11 décembre, 2006

DENISE HARO 1

J’ai toujours voulu écrire l’histoire de ma famille, revenir aux origines de ma propre histoire, en utilisant les souvenirs racontés par les uns et les autres.
Ce patrimoine commun, le plus souvent sujet à controverse, enrichi au fil du temps de versions complémentaires pour ne pas dire contradictoires, menacé par la disparition des anciens, se devait d’être figé pour passer à la postérité.
Cette mission que je m’étais inventée, me hantait de façon récurrente, et je me promettais, après l’avoir maintes fois reportée, de m’en acquitter dans les plus brefs délais, promesse, hélas, sans cesse trahie.
Les lieux de notre passé commun, l’Andalousie du XIXème siècle, la région minière du Nord Est d’Almeria pour être précis, la Sierra Almagrera pour l’être encore plus, sont devenus depuis la libéralisation du régime espagnol, après la mort de Franco, un sujet d’études qui a été à l’origine d’une littérature abondante.
Déjà dans les années 1960, Juan Goytisolo, avec son Campos de Nijar, avait érigé cette région en symbole de la barbarie de la guerre civile, et son périple expiatoire, m’avait familiarisé avec les lieux de vie de mes arrières grands parents.

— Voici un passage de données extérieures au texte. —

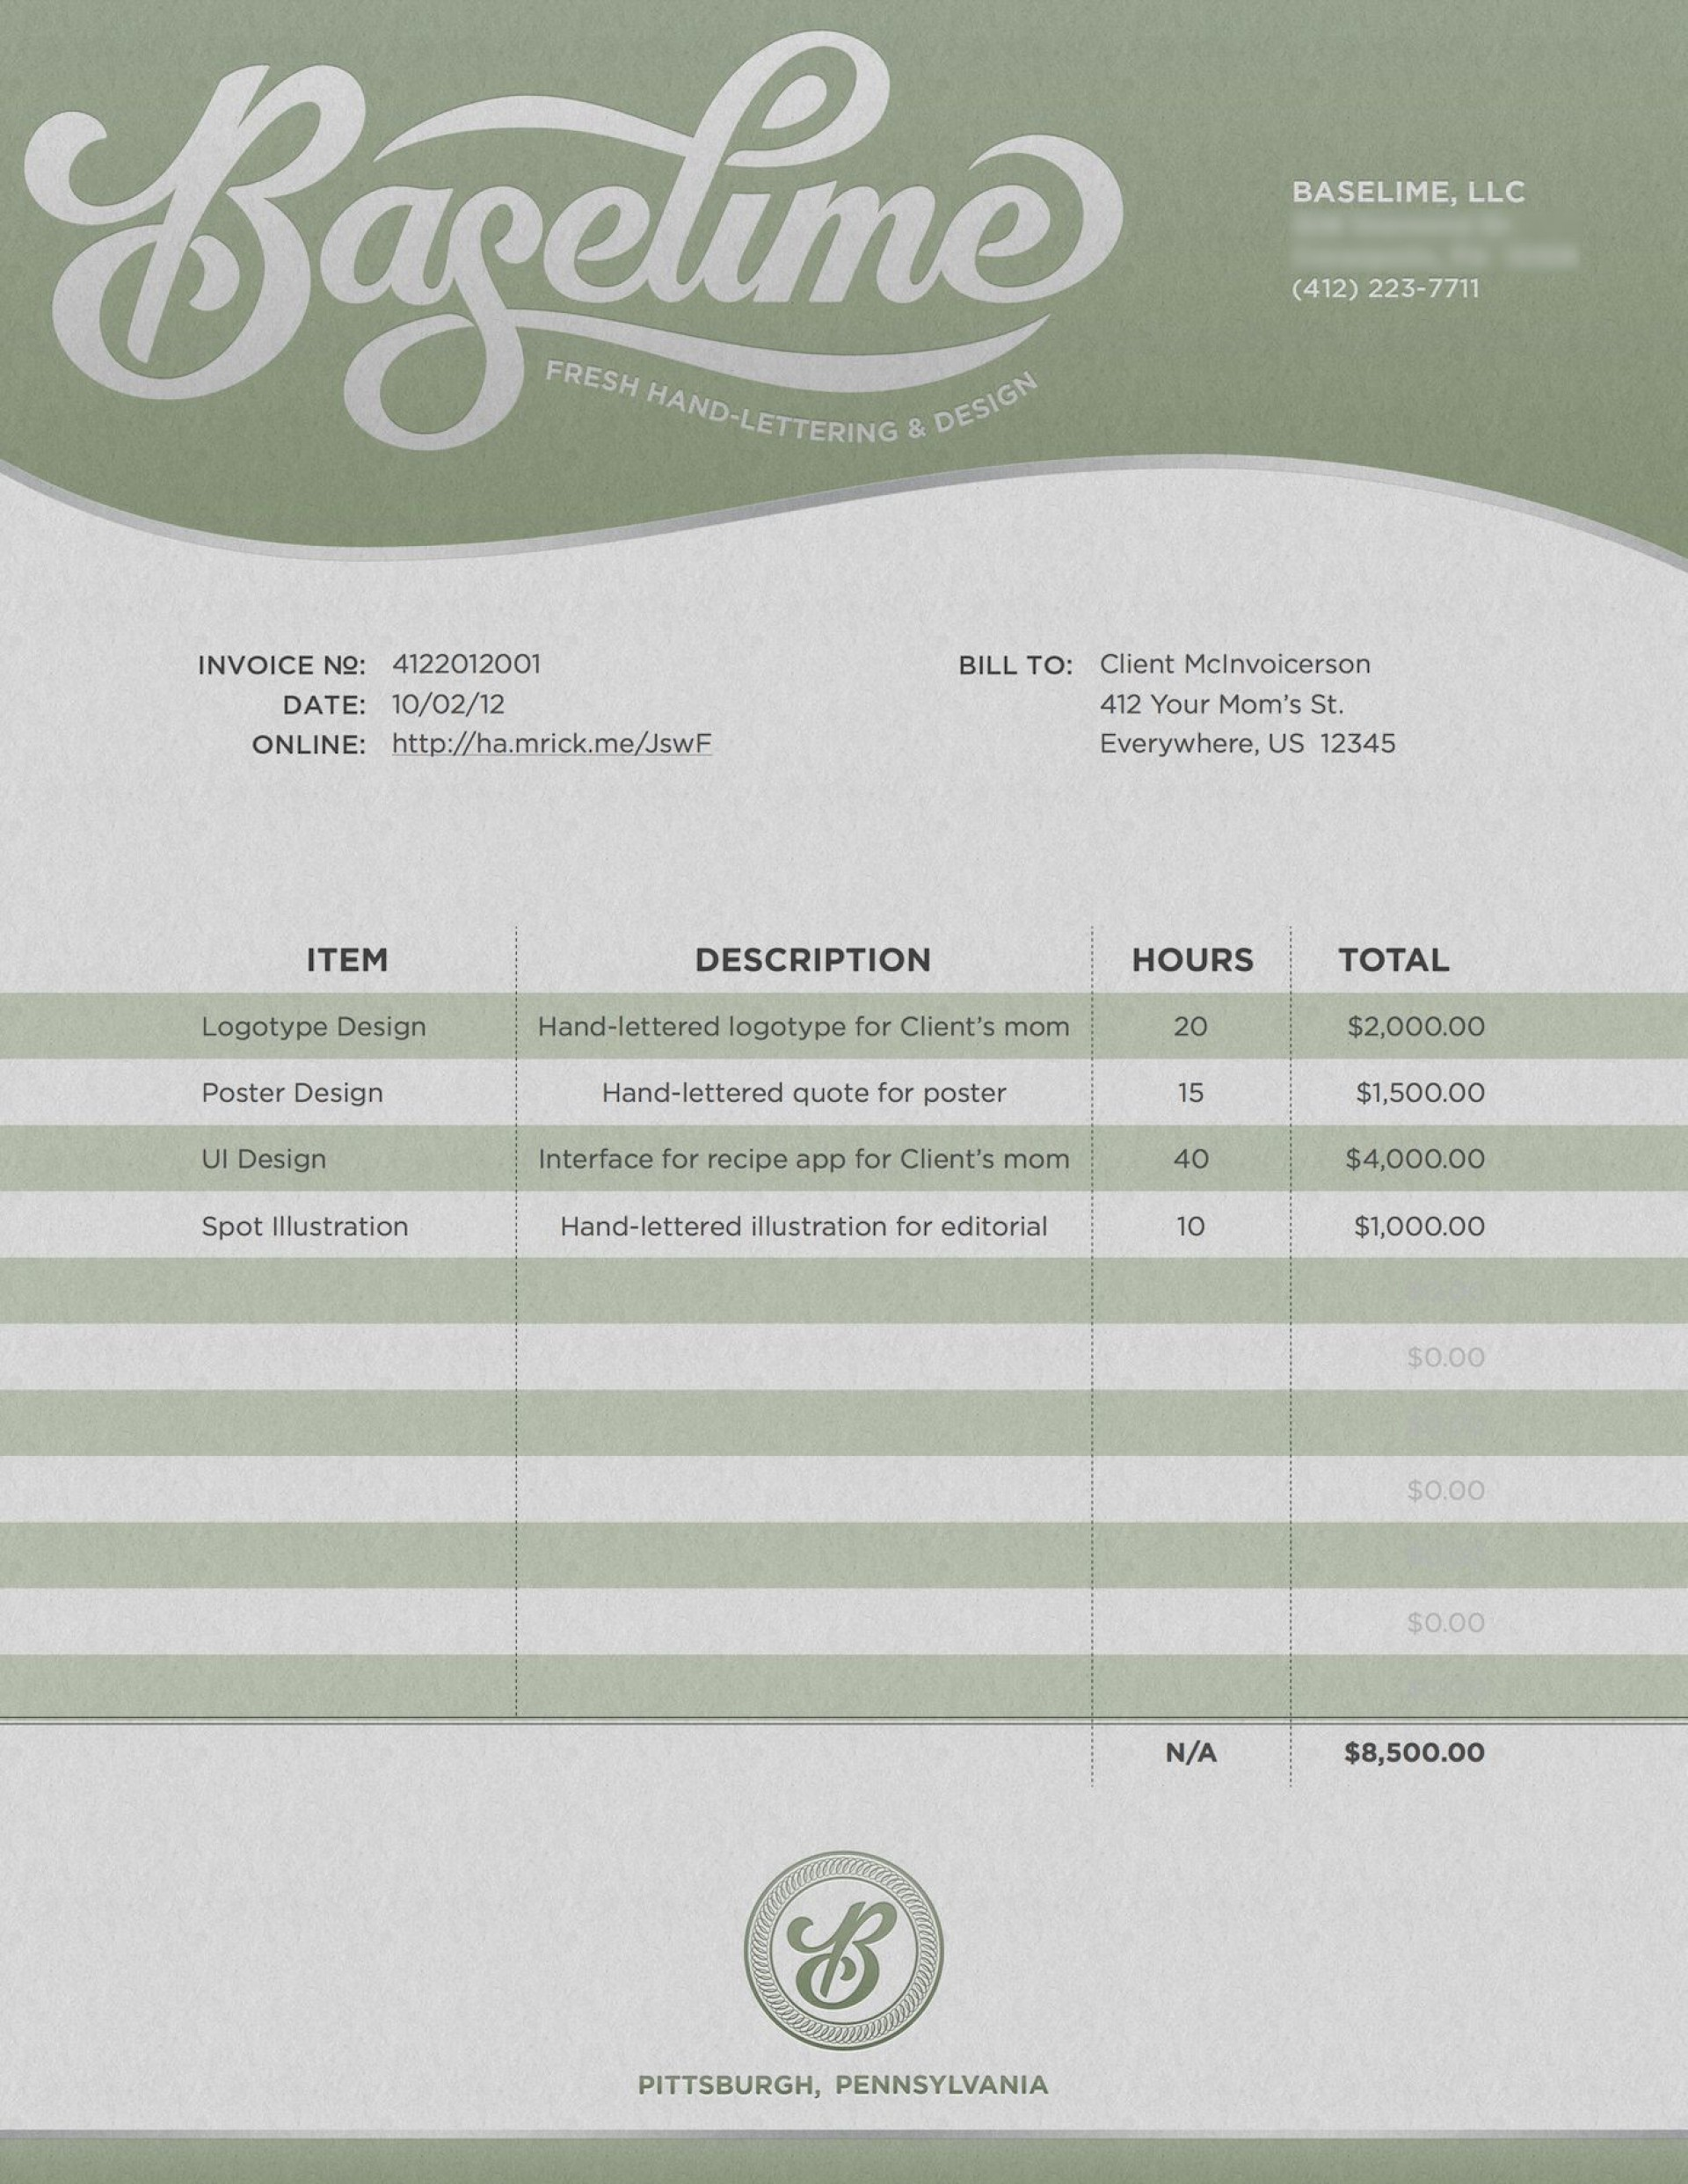 002 Awesome Freelance Graphic Designer Invoice Sample Highest Clarity 1920
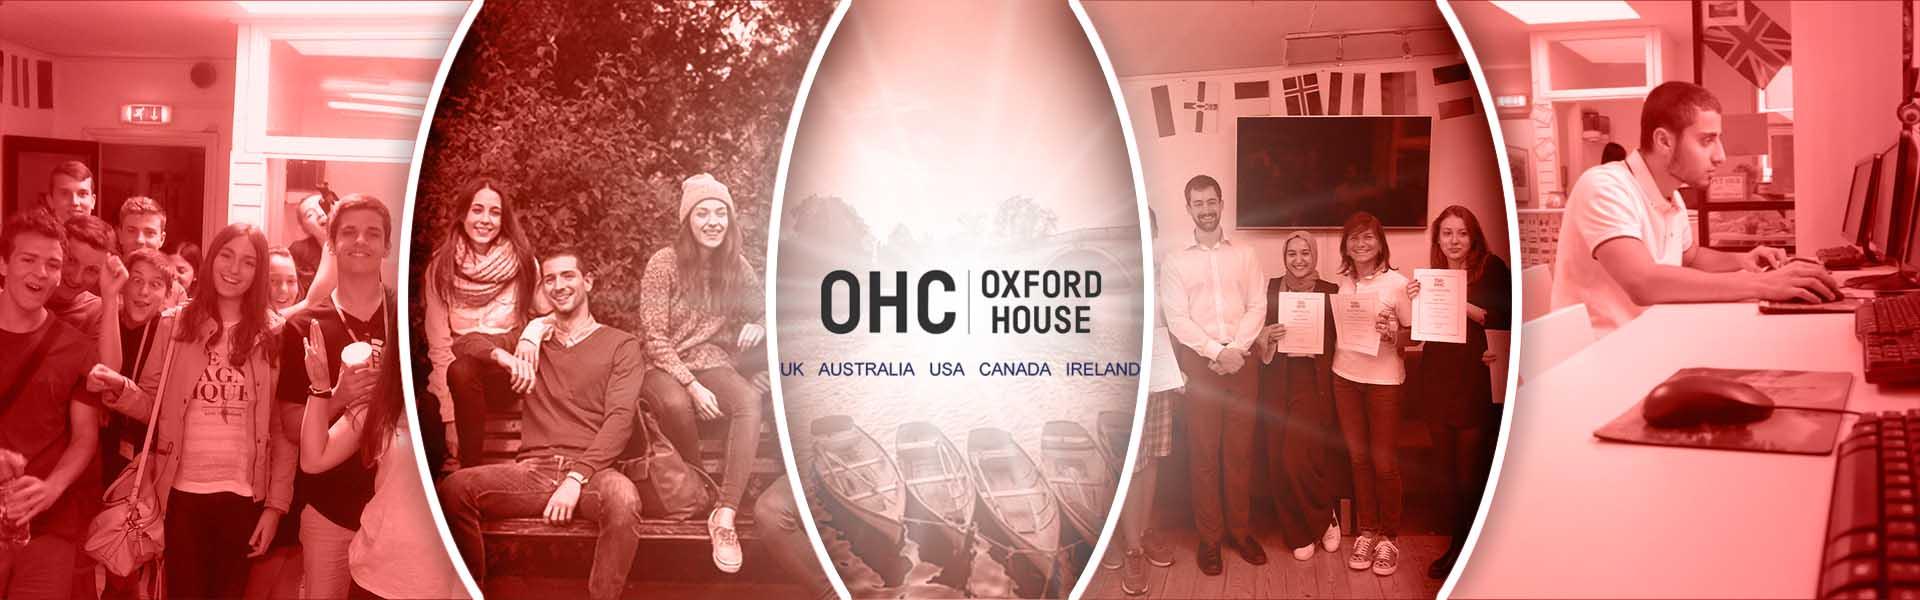 Oxford House College (OHC) London Richmond Dil Okulu

De nombreux voyages, passés notamment à revisiter l’itinéraire qu’il décrit minutieusement, à vouloir retrouver les paysages qu’il avait contemplé, m’avaient confortés dans cette quête,
m’amenant à réunir un impressionnant matériel de photos, brochures et autres références sur le sujet.
C’est en fait la lecture attentive de documents d’état civil détenus par mes parents, qui un après midi d’été, nous avaient permis mon frère et moi de mesurer les liens qui nous unissaient à cette région, en construisant un premier arbre généalogique familial, indiquant les lieux de naissance de nos grands parents et de leurs ascendants.
La contemplation de cet arbre, son rapprochement avec les quelques photos dont nous disposions, sa confrontation avec notre connaissance des lieux, allait permettre à ce projet de prendre corps.
Les liens entre l’Espagne quittée en 1909, et l’ Algérie quittée en 1962, apparaissaient alors comme le fil conducteur de l’histoire de cette famille, permettant de comprendre ce qui avait poussé Juan Manuel Deharo Cervantes notre grand père à choisir l’immigration en y entraînant sa famille, et celle de sa belle sœur.
Une photo, celle de José et Denise, mes parents, jeunes, adossés côte à côte sur la barrière de bois de leur nouvelle propriété apparaît comme un point médian de l’histoire, une pause de bonheur retrouvé, entre deux périodes migratoires.
Sur cette photo, leurs yeux hésitent entre l’objectif du photographe, et la terre à leurs pieds. Ils échangent un regard fugitif, symbole de leur complicité, et de la confiance dans ce pays nouveau qui les accueillait.
A l’arrière plan, dans l’encadrement de la porte, la silhouette de la grand mère maternelle, Damiana, semble couver les époux dont on comprend déjà qu’ils sont chargés de l’héritage qu’elle avait implicitement accepté d’assumer en suivant Juan Manuel quelques 40 ans plus tôt.
Ma mère, le regard languide, enveloppée dans un châle de laine tricotée, mon père coiffé d’un béret noir, l’air dégagé et insouciant étaient les premiers enfants de deux familles de Vera qui avaient décidé de quitter l’Espagne pour l’Algérie.